In a recent article in the Financial Times, Clive Crook wrote about the fiscal consequences of the Bush administration. According to Crook, “With ill-designed tax cuts and reeling indiscipline on spending (partly, but not only, because of the war) the Bush Administration turned this [surplus] into a deficit.” He wrote about the “fiscal incontinence of the Bush administration” and that “Mr. Bush has done the cause of fiscal moderation grave harm.” He added this:

 

The issue is not so much that he moved the structural budget balance from surplus to deficit … but that he spared the country until further notice the effort of examining its priorities and mending its failing fiscal machinery.

Mr. Crook, often an intelligent writer, is shallow and uninformed in this analysis.

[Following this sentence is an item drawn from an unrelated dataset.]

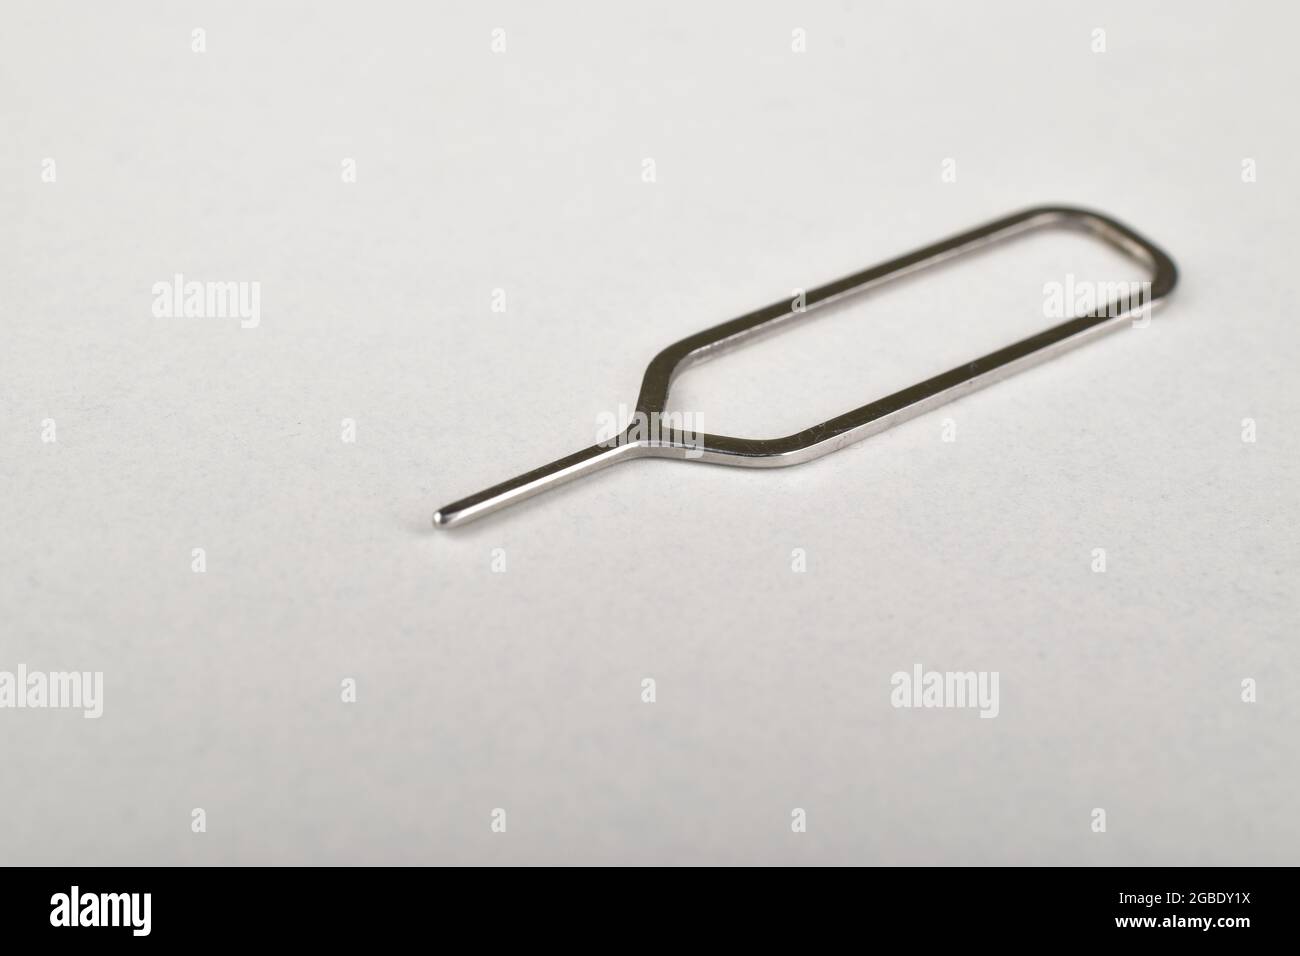 Sim Ejector Pin On White Background Stock Photo

The chief reason the nation went from a surplus to a deficit — and a reason that goes wholly unmentioned by Crook — was that President Bush inherited an economy skidding toward recession (it officially began just a few months after he took office). The dot com bubble burst — and with it, so did the projected surpluses. In addition, the attacks on September 11th dealt a crippling blow to several important sectors in the economy; we lost a million jobs in around 90 days.

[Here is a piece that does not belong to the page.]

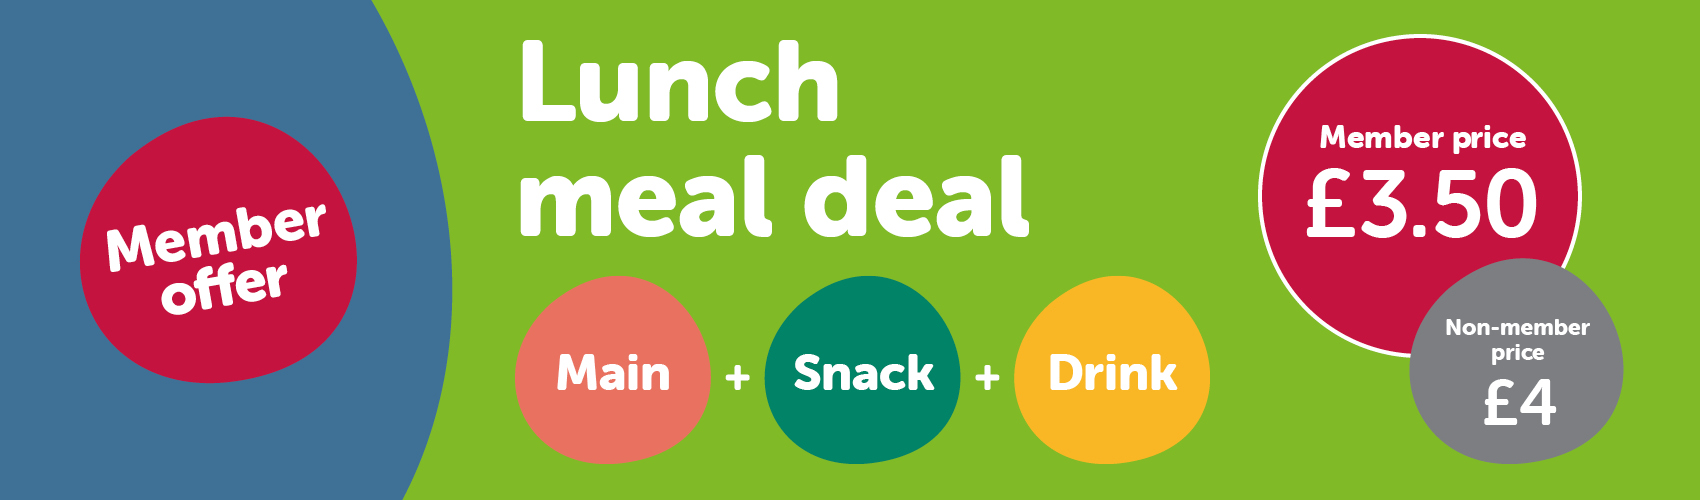 25113 Midcounties Lunch Meal Deal Web Asset 1700x500px.jpg

President Bush's tax cuts — in the short term at least — did contribute to a larger deficit. But on the other side of the ledger, tax cuts were precisely what were needed to jump-start a sluggish economy. They were well-conceived, well-timed, and led to a growing economy, the creation of more than eight million new jobs, and a dramatic, even unprecedented, increase in revenues. This helped cut the deficit to 1.2 percent of the GDP in FY07. (The FY08 deficit, which is projected to be 2.9 percent of the GDP, is the result of slower growth in the economy and the stimulus package recently passed by Congress and signed into law by the president.) That deficit will still be below or equal to deficits during the 1980s and 1990s — and by way of comparison, the deficit under President Reagan reached 6.0 percent of the GDP and 4.7 percent under President George H. W. Bush.

If President Bush's tax cuts had not been enacted into law, the economy during the last seven years would have been weaker, growth would have been slower, and therefore the deficit may well have been larger.

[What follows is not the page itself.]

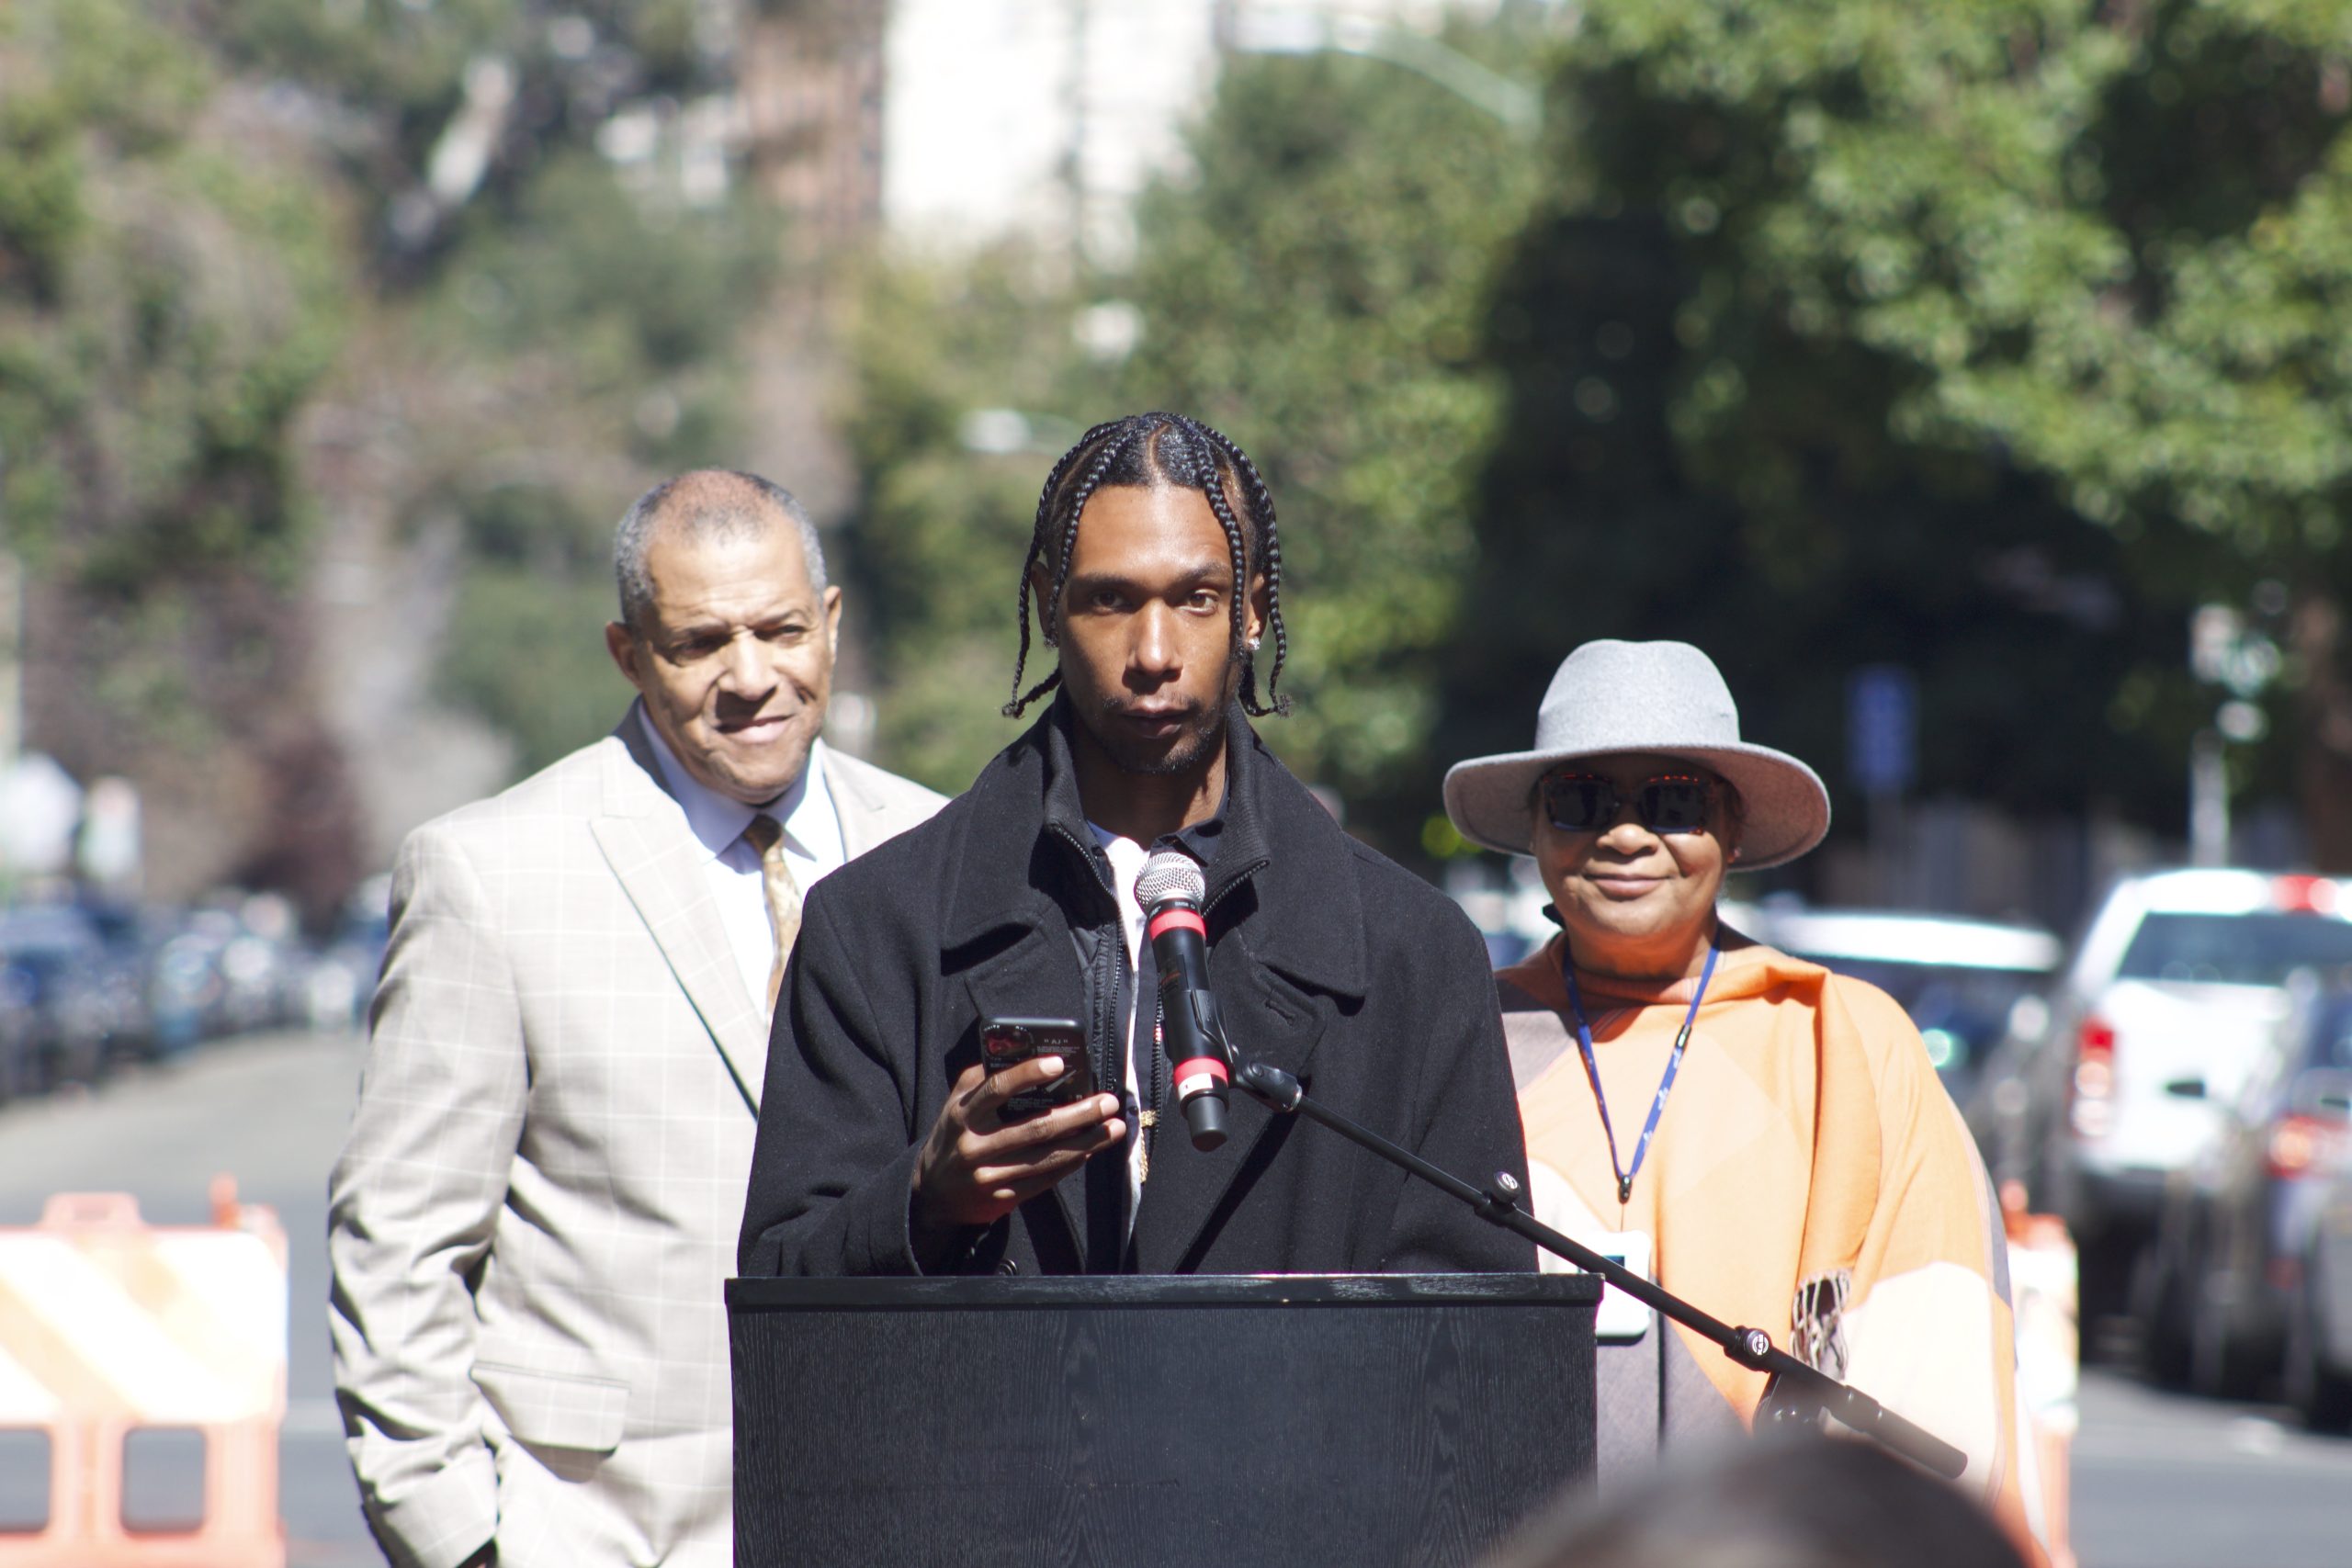 A Black man in an off white suit, a young Black man wearing a black jacket, and Black woman with sunglasses, smiling, in grey hat stand outside in front of podium

On spending, the Bush administration consistently reduced the growth rate of non-security domestic spending every year. The growth rate in 2001 (the last Clinton budget) was 16.6 percent; it dropped to 6.2 percent in 2002, and then, in consecutive years, 5.5 percent, 4.3 percent, 2.2 percent, and below inflation thereafter (it was the first time a president has proposed a cut in such spending since the Reagan years). Today total spending as a percentage of the GDP is below the average over the last four decades.

In addition, George W. Bush put more of his political capital on the line to reform and rein in spending on a major entitlement program (Social Security) than any other president. Bill Clinton, for example, actively worked against efforts to reform entitlements (for example, he helped derail the Medicare Commission's effort to reform that program). Bush has proposed slowing the growth in Medicare from 7.2 percent to 5 percent (Congress failed to act). And Bush's Medicare prescription-drug-benefit program, which was pricey, has at least added unprecedented competition to Medicare (thereby lowering the projected costs over ten years by an estimated 40 percent).

It's true enough that George W. Bush was not, and never ran as, a “small government conservative.” On fiscal matters, though, President Bush understood that what is needed is a dynamic, growing economy, and the restructuring of entitlement programs. As on so many other matters, as time passes the president's record will be seen in a much more favorable light, even as Crook-like critiques are empirically discredited and long forgotten.

Peter Wehner, former deputy assistant to the president, is a senior fellow at the Ethics and Public Policy Center.